Ysgol David Hughes is a bilingual secondary school on Anglesey, Wales. The school building was completed and opened in Menai Bridge in 1963 by Anglesey County Council which, ten years earlier (in 1953), had become the first education authority in the UK to adopt non-selective comprehensive education.

The new school in Menai Bridge catered for all the secondary pupils in South East Anglesey who up to then had been educated four miles away in Beaumaris, the former county town of Anglesey.

The Welsh name "Ysgol David Hughes" (David Hughes's School) is derived from that of the founder of the original Beaumaris Grammar School established 350 years earlier in the reign of Elizabeth I in 1603. Other than by nomenclature however "Ysgol David Hughes" in Menai Bridge has no connection whatever with the original Beaumaris Grammar School or with its founder, David Hughes.
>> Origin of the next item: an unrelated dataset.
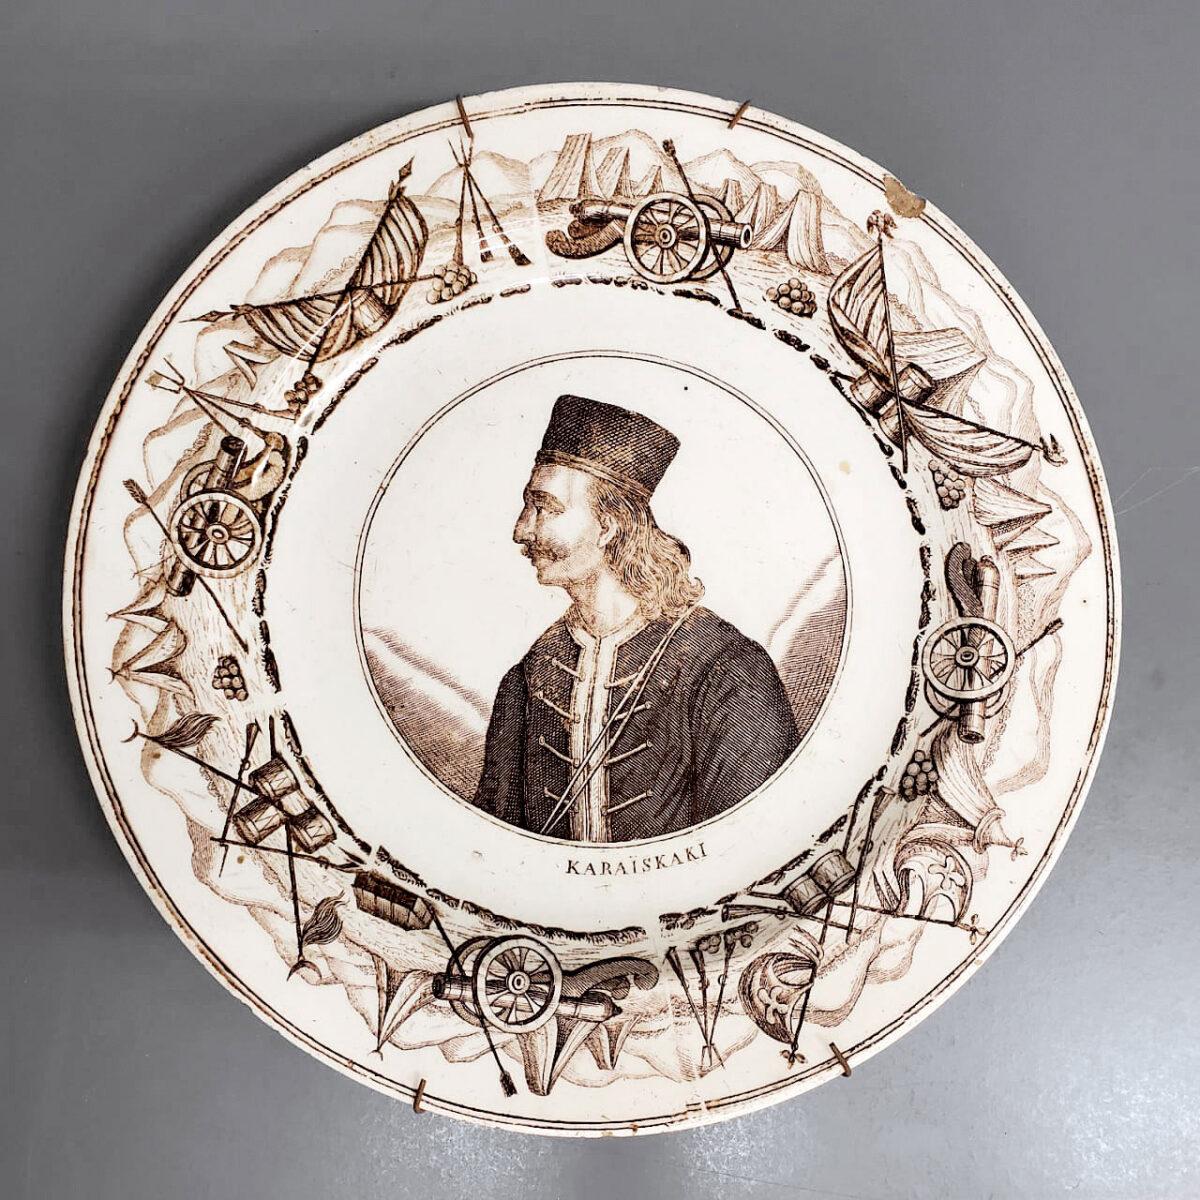 «Γεώργιος Καραϊσκάκης», πορτρέτο σε πιάτο, διαμ. 22,2 εκ., Μουσείο Μπενάκη 8509.

David Hughes (d. 1609), the founder of Beaumaris Grammar School, was born in a stable of Llantrisant, Anglesey. He may have been the David Hughes of county Caernarvon, b. 1561, who entered Gray's Inn from Magdalen College, Oxford, 28 January 1583 (Foster, Alumni. Oxon.; Gray's Inn Admission Register, 28 Jan 1582-3), but another account of him, contained in the papers of Christopher Wase (now held at Corpus Christi College, Oxford) states that he attended Magdalene College, Cambridge. He was appointed 'Tutor to a person of Qualitie who conferred upon him liberall Gratuities & settled upon him a Large Annuitie'. Hughes later lived in Norfolk and used his good fortune to build a 'considerable estate in money which afterwards hee left in his last Will & Testament for the Founding & Endowing of a Free School & Hospitall in & near Bowmaris [sic]'. Settling in Norfolk, he was appointed steward of the manor of Woodrising about 1596. In 1602 he procured a building in Beaumaris which was converted and opened as a Free Grammar School in 1603.
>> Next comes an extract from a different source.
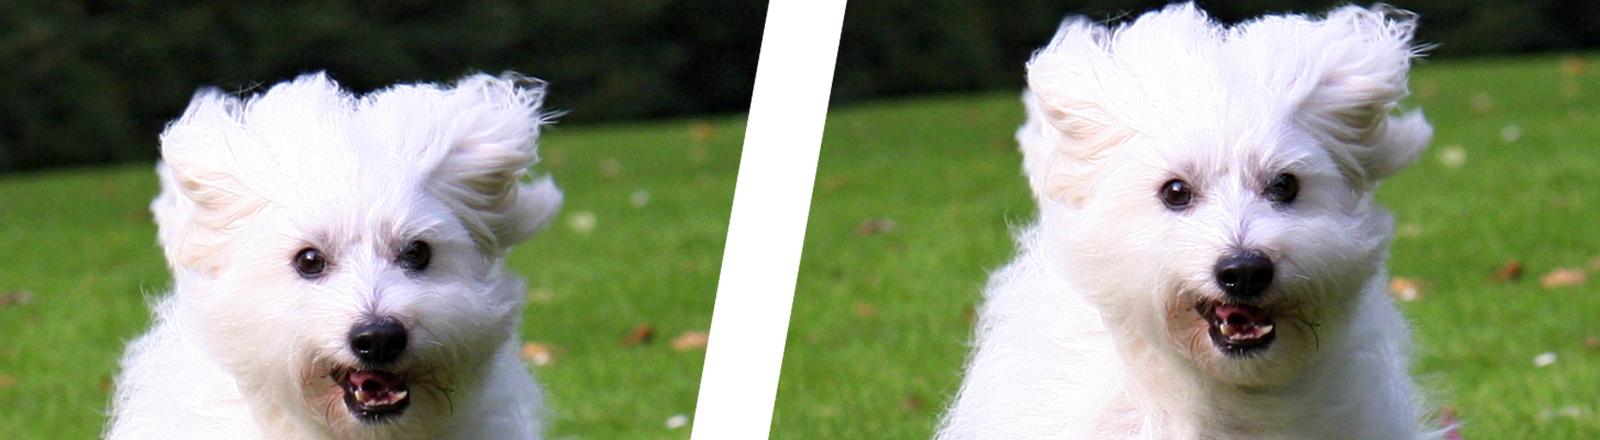 Collage: Ein Hund (doppelt dargestellt) der Rasse Coton de Tuléar

David Hughes's will, dated 30 December 1609, endowed the school and vested its administration in a body of feoffees (trustees) which he specified, should always include the Bishop of Bangor.He also laid down the terms on which "fellowships" (scholarships) should be established to enable deserving pupils to proceed directly from Beaumaris to the University of Oxford. In 1895 the management of the David Hughes charitable endowment (which had funded Beaumaris Grammar School) was transferred from the feoffees to Anglesey's new "County Governing Body" which now used the funds for the establishment of new county schools at Holyhead, Llangefni and Amlwch as well continuing to provide a proportion of funding for Beaumaris Grammar School.